[[ GIVEN DATA, beginning ]]

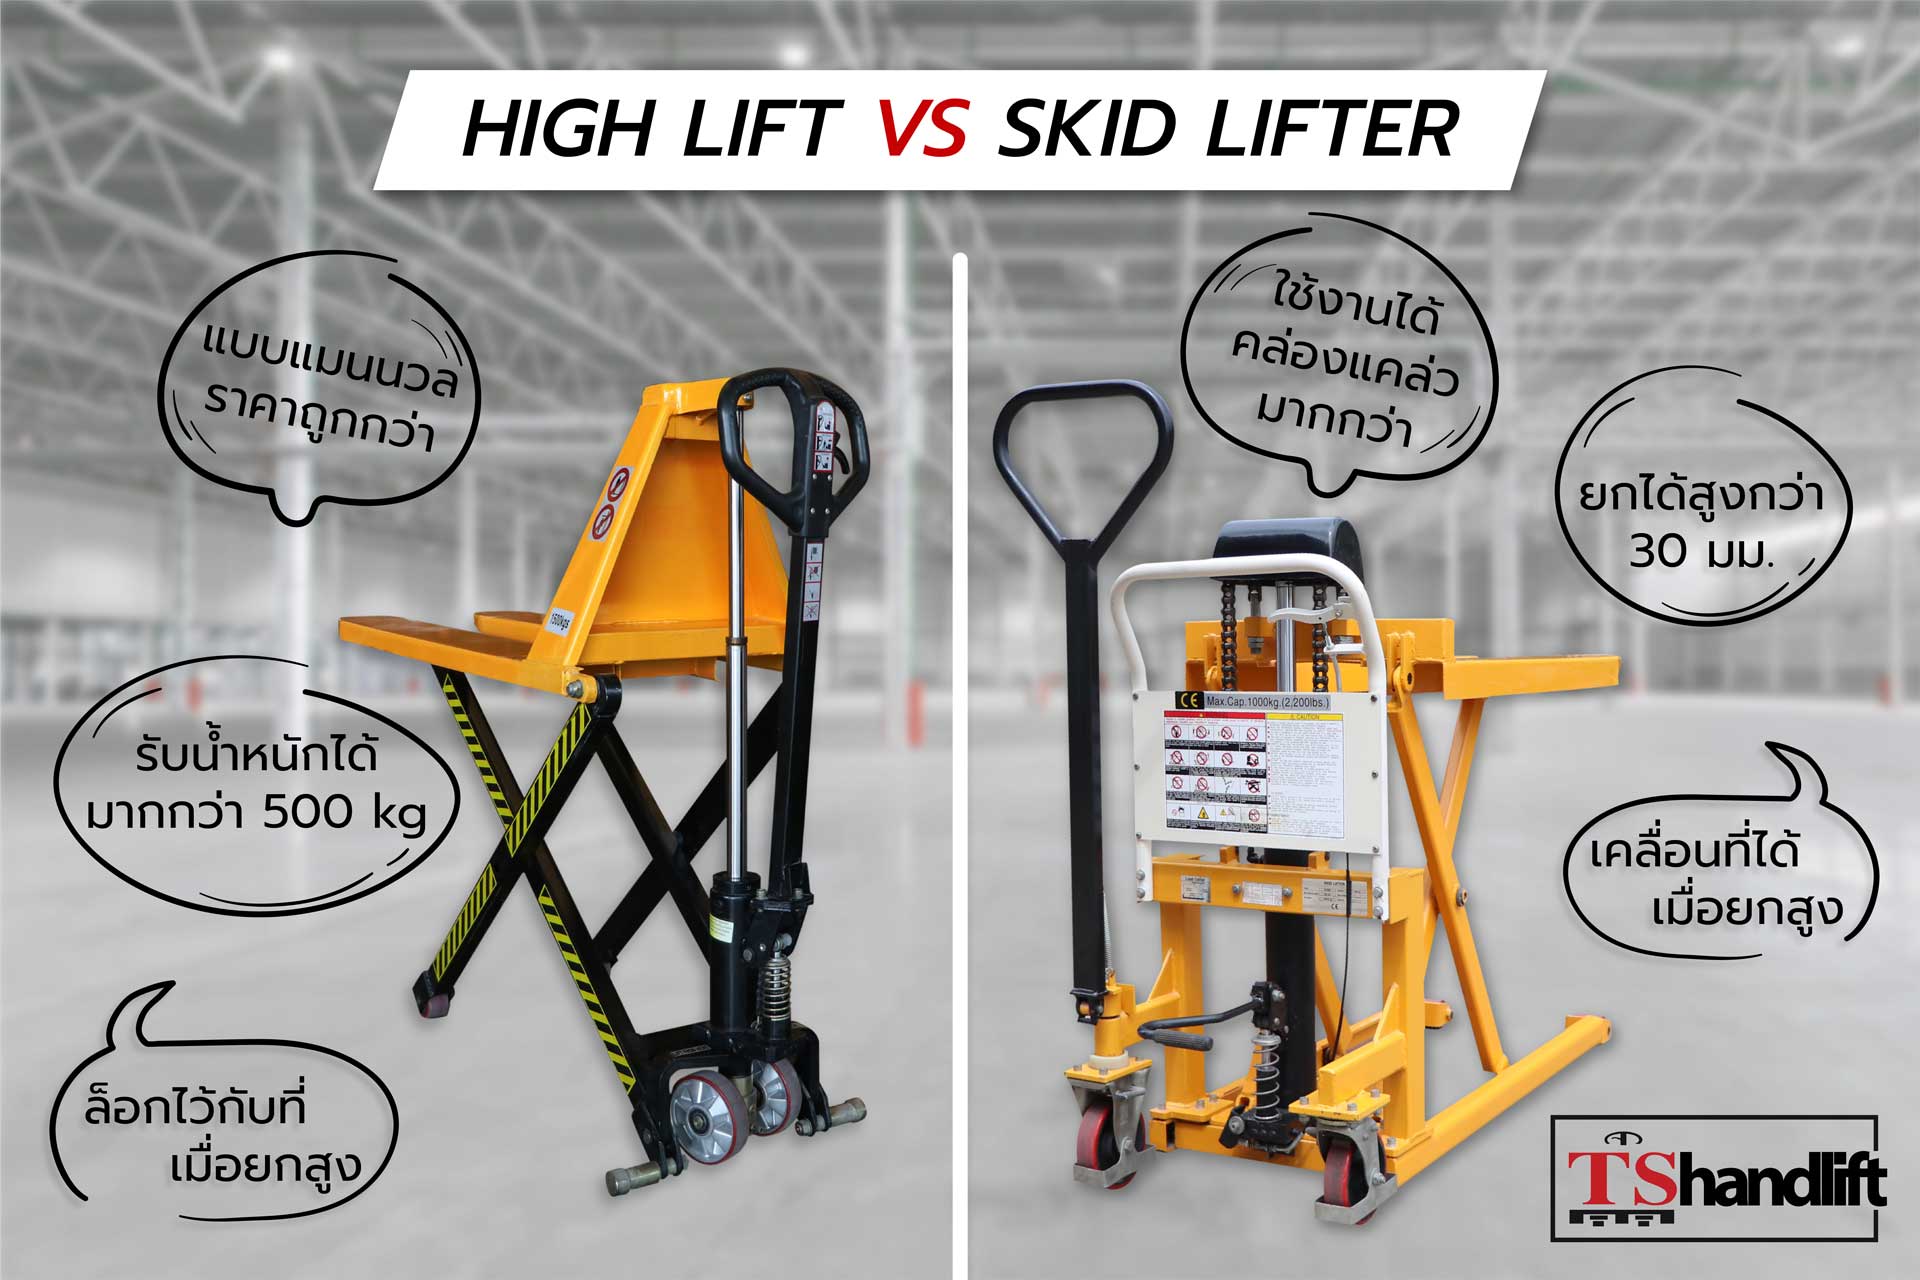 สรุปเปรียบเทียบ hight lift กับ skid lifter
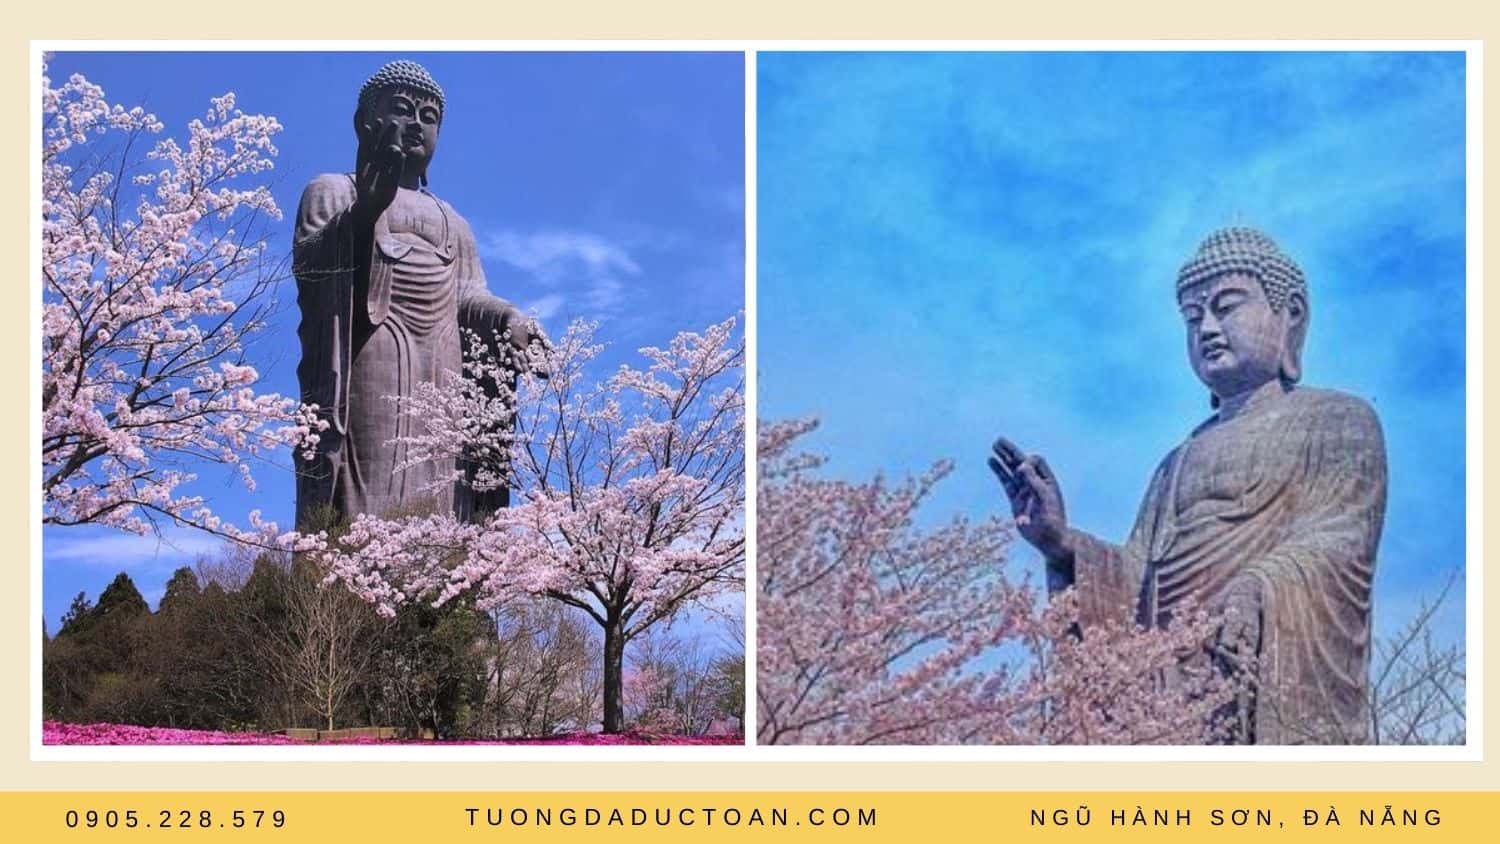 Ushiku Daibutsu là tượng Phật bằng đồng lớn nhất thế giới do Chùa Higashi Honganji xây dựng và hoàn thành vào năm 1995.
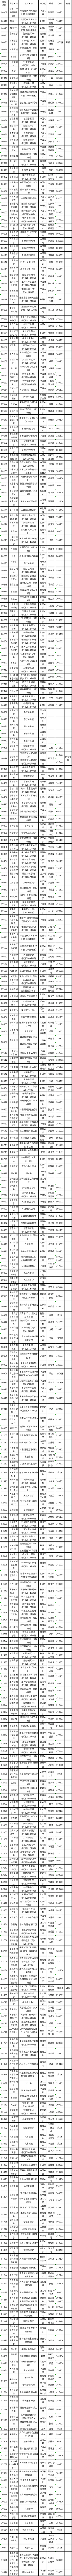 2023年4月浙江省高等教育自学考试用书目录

[[ GIVEN DATA, end ]]

:: YOUR OBJECTIVE ::
Everything in the material above must be repeated exactly, apart from its pictures.

:: ANSWER SPACE ::
 สรุปเปรียบเทียบ hight lift กับ skid lifter
 Ushiku Daibutsu là tượng Phật bằng đồng lớn nhất thế giới do Chùa Higashi Honganji xây dựng và hoàn thành vào năm 1995.
 2023年4月浙江省高等教育自学考试用书目录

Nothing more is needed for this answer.